More importantly, and this is th eother dimension of America's might people tend to ignore because it seems just to easy to "send in the missiles and troops", how about some ECONOMIC sanctions?

Against what? They're flush with oil money. I don't think we could hurt them nearly as much as we used to be able to. I may be wrong, of course, and if so, then yes, economic sanctions could be added to the list.
 
Is there anything like that now? Mean old California has a Republican Governor and 19 of its 53 Housemembers are Republicans, and conservative ones at that.

Ahem....

I can't speak for the whopping 19 of 53 house members, but Governor Terminator is NOT a Conservative. Not even close.
 
Z where was the mighty CIA in all this? Dropped the ball big time IMHO.
 
Z where was the mighty CIA in all this? Dropped the ball big time IMHO.

They're still down on all-fours looking under the sofa to find the ball they dropped in 1991 when the USSR up and vanished before our eyes.

While they're down there, maybe they can find the 9/11 ball, the WMD ball, the Osama Bin Laden ball, and the "we send our employee's unqualified husbands on jobs for us" ball.

Don't get me started on the Clueless Inaction Agency. I have relatives who work there who think that NONE of this is THEIR fault. Oh, no! It's all BUSH'S fault! I guess they think he's supposed to be collecting all the data and giving THEM briefings, and that all the reports of WMD that Clinton used to parrot, and the complete missing of the USSR's collapse were all his fault, too. :rolleyes:
 
Well, I think before people get all eager to give a blank check to Georgia, a certain amount of realism should enter here. This war didn't start with a Russian invasion. This began when Georgia entered into a breakaway territory and started shelling peacekeepers (some of whom were Russian).
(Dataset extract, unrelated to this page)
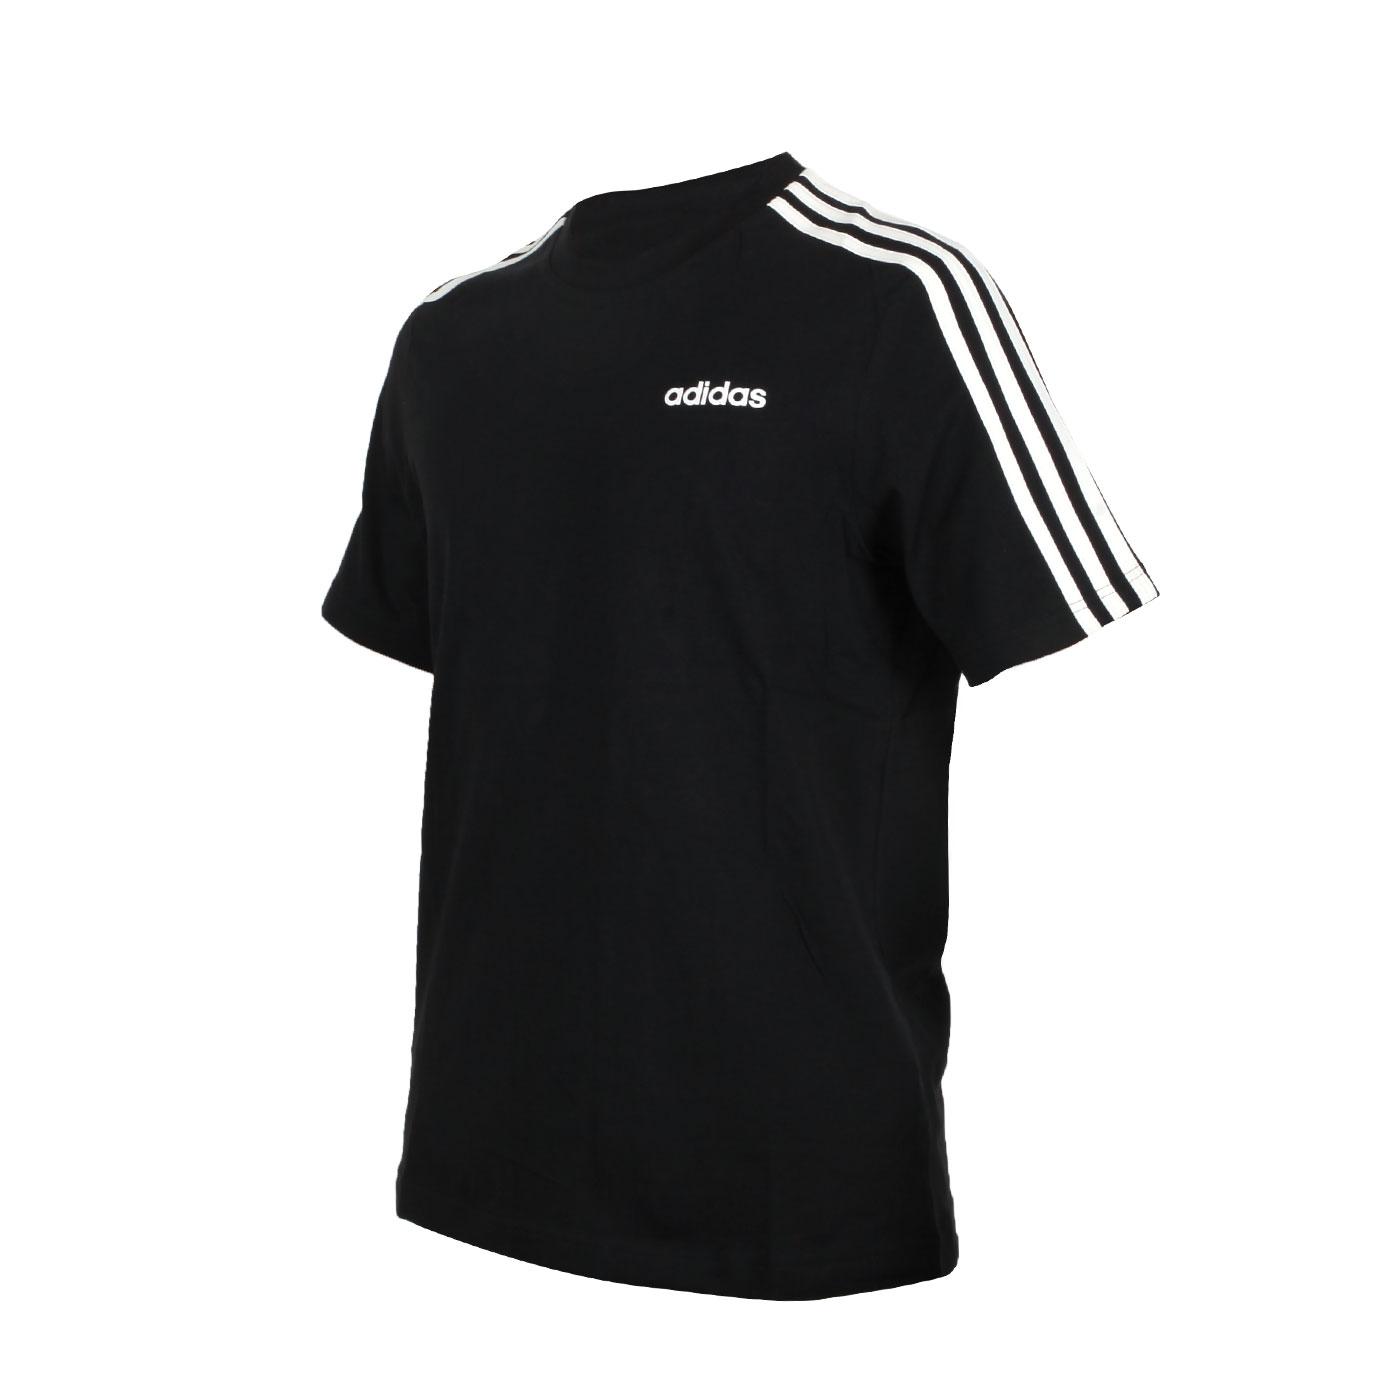 ADIDAS 男款短袖T恤 DQ3113 - 黑白

Was the Russian reaction responsible? No, but there you have it.

And the Georgian President is an angel, and his country isn't a democracy. In 2007, 15 day state of emergency, banned the opposition from protesting, sent troops and riot police in to squash everyone who opposed him. Beyond the natural gas pipeline, what other real interest should we have? And John "We Are All Georgians" McCain needs to get a clue and stop copying JFK unless he wants a swift kick inthe pants.
 
Poland just signed on to let us base 10 interceptor missiles in their country, in return for help with their air force.

...that's one wayt to hit back at the Russians.
 
Poland just signed on to let us base 10 interceptor missiles in their country, in return for help with their air force.
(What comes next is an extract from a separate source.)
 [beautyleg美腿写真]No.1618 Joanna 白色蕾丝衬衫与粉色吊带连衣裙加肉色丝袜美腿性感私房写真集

...that's one wayt to hit back at the Russians.

Will Putin be checking out Warsaw for vacation homes next?

Yes Ramius it is good news that some of the most repressed countries in the world, and who remember what Communism does are now our best friends.
 
This began when Georgia entered into a breakaway territory and started shelling peacekeepers (some of whom were Russian).
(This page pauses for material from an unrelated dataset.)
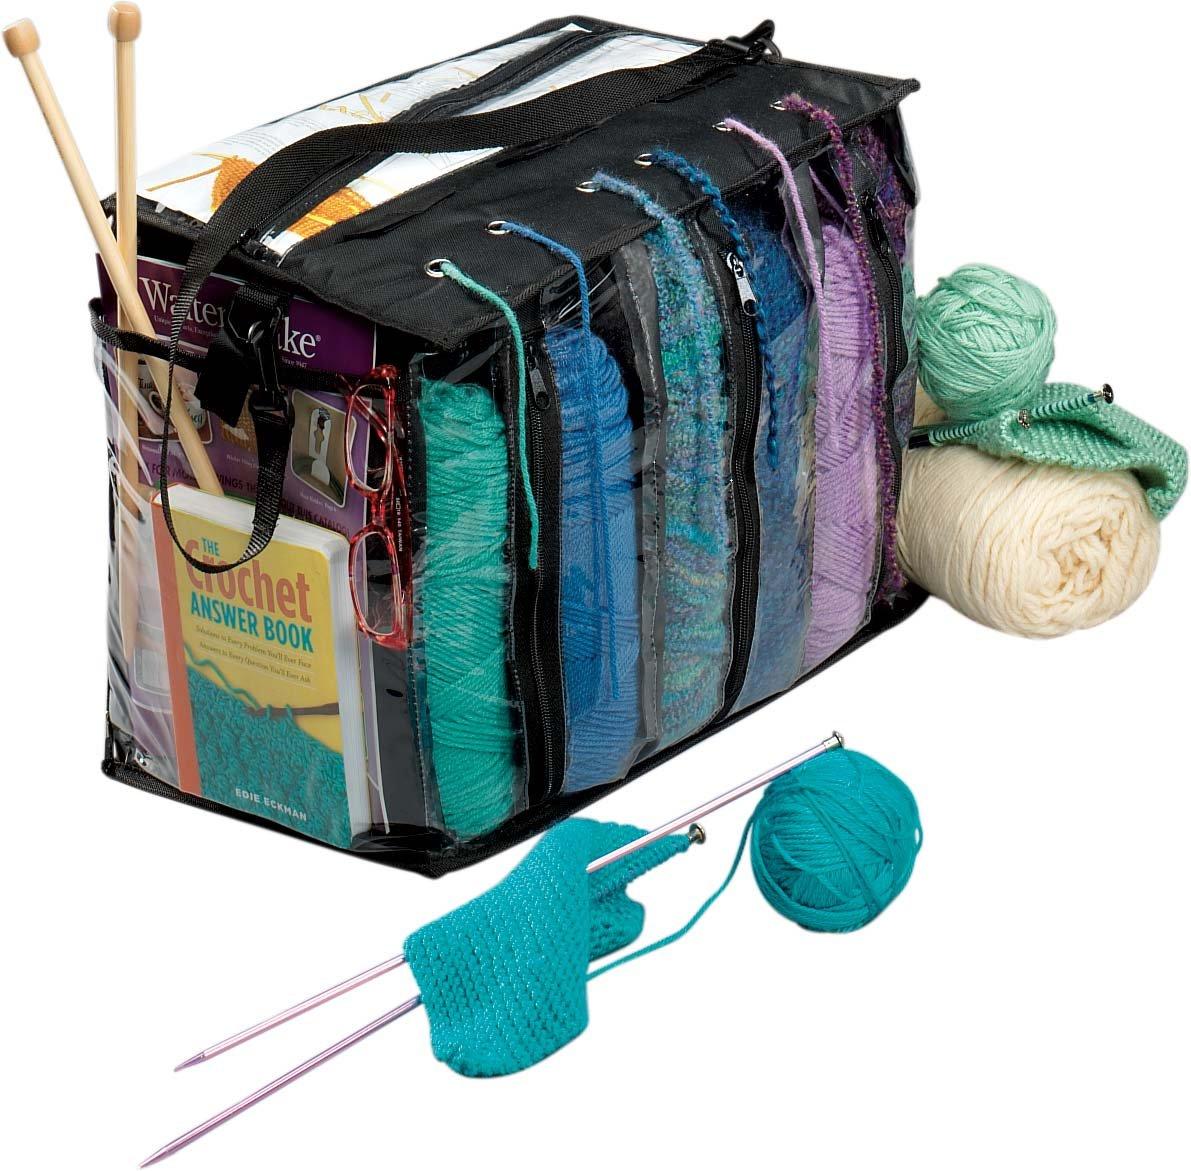 Knitting Yarn Holder Bag : Knitting tote bag skein yarn holder crocheting supply

That breakaway territory was in Georgia.

Regardless, even if the Russians were responding to what you describe, they would only have had justification for entering Ossetia, not the rest of Georgia.

Was the Russian reaction responsible? No, but there you have it.

I wonder where Jimmy Carter is with his accusations of "disproportional responses". Oh, yeah.... He only does that when it's communists or terrorists getting their asses handed to them. Silly me! :rolleyes:

And the Georgian President is an angel, and his country isn't a democracy. In 2007, 15 day state of emergency, banned the opposition from protesting, sent troops and riot police in to squash everyone who opposed him.

Using that mindset, we should have lost WWII because of what we did to the Japanese in this country.

Beyond the natural gas pipeline, what other real interest should we have?

You want a better one than that?

OK, maybe not allowing a thug to simply gobble up his neighbors without opposition. It's bad enough we're letting Mexico do it to US.

And John "We Are All Georgians" McCain needs to get a clue and stop copying JFK unless he wants a swift kick inthe pants.

So what's wrong with that? Good or bad, Georgia is a democracy that chose independence from the nation that has now invaded it. They are also one of those nations that have stood by us (unlike half our political establishment) in Iraq.

I thought JFK was the patron saint of Democrats? :confused:

Oh! That was before Obama became the Messiah. Sorry. :thumb:
 
PS, Georgia has sent the 3rd most number of soldiers to help in Iraq (2,000 IIRC). They are an important ally. They are also in such proximity to Iran that having a friendly nation right there provides a lot of advantages.
 
So what's wrong with that? Good or bad, Georgia is a democracy that chose independence from the nation that has now invaded it. They are also one of those nations that have stood by us (unlike half our political establishment) in Iraq.

What tin-can definition of democracy do you have?

Using that mindset, we should have lost WWII because of what we did to the Japanese in this country.

Georgia smacked down own its political oppositon in peacetime, not during a state of war.

Oh! That was before Obama became the Messiah.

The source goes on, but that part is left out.